Fallujah and parts of the Anbar provincial capital Ramadi farther west have been outside government hands for days--the first time militants have exercised such open control in major cities since the height of the insurgency that followed the 2003 U.S.-led invasion.
Earlier on Wednesday, two areas of Fallujah saw brief clashes and shelling, witnesses said, but it was not immediately clear who was involved in the fighting.
The traffic police, whose sole responsibility is directing vehicles and controlling intersections, were back on the streets in several parts of central Fallujah, an AFP journalist reported.
They were apparently back on duty with the blessing of the gunmen, whose allegiance was not immediately clear.
The gunmen were deployed in areas around the edge of the city, at the entrances of neighborhoods, and on bridges--including one from which the bodies of American contractors were infamously hung in 2004, prompting the first of two U.S. assaults on Fallujah that year.
Some shops in the city reopened, and light traffic returned to the streets. But the city still faces the threat of an assault by soldiers deployed nearby.
The al Qaeda-linked Islamic State of Iraq and the Levant (ISIL) has been active in Fallujah, but so have anti-government tribes.
The security forces have meanwhile recruited their own tribal allies in the fighting that has raged in Anbar province for more than a week and killed over 250 people.
Near the provincial capital Ramadi, soldiers backed by helicopters battled gunmen in the Khaldiyah area, a police captain said.
The fighting came after the release late Tuesday of an audio recording purportedly from ISIL spokesman Abu Mohammed al-Adnani urging Sunnis to continue fighting the Shiite-led government.
"Oh Sunni people, you were forced to take up the weapon," Adnani said.
"Do not lay the weapon down, because if you put it down this time, the (Shiites) will enslave you and you will not rise again."

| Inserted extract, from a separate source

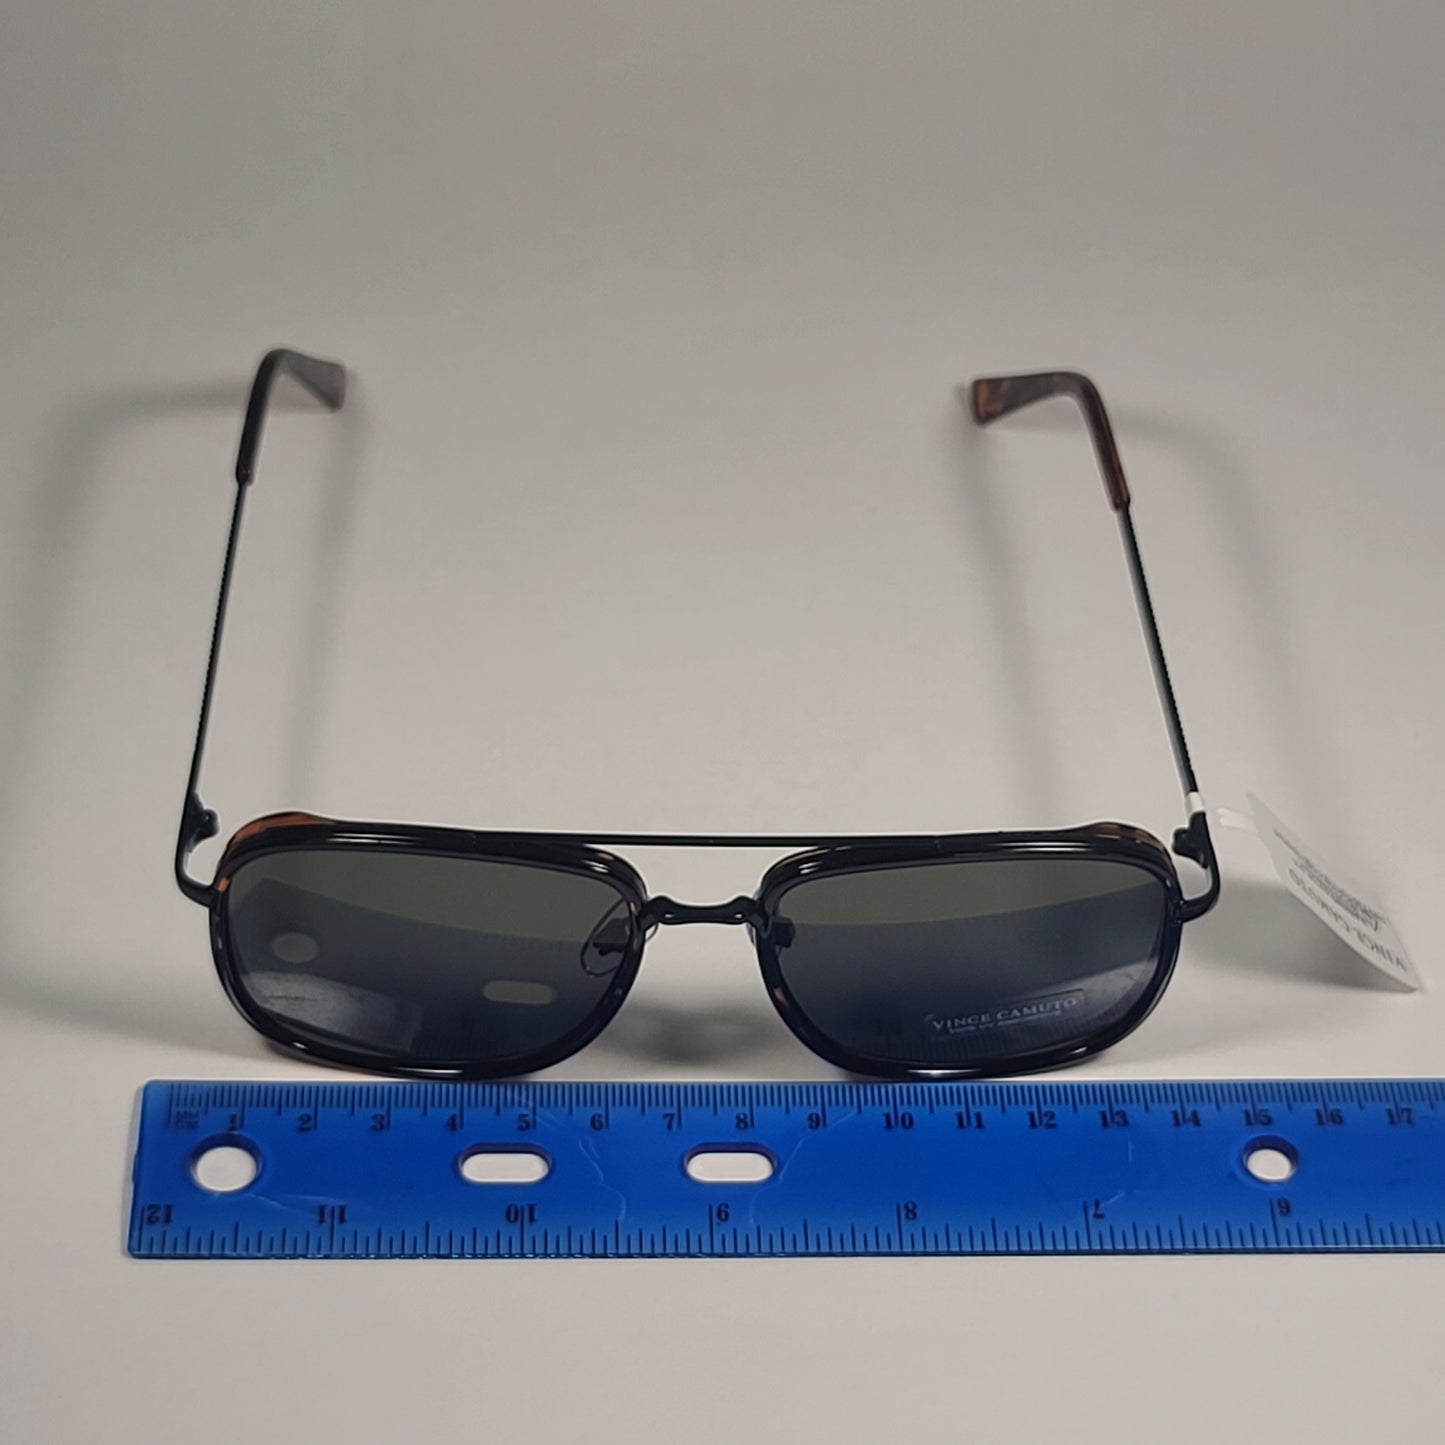 Vince Camuto VM601 BKTS Navigator Sunglasses Black Tortoise Frame Green Lens - Sunglasses

Defense ministry spokesman Staff Lieutenant General Mohammed al-Askari said Tuesday that soldiers deployed near Fallujah would hold off on assaulting the city for now for fear of civilian casualties.
Attacking the Sunni-majority city would also be extremely sensitive politically, as it would inflame already high tensions between the Sunni Arab minority and the government.
And it would be a major test for Iraqi security forces, which have yet to undertake such a major operation without the backing of U.S. troops, who withdrew in December 2011.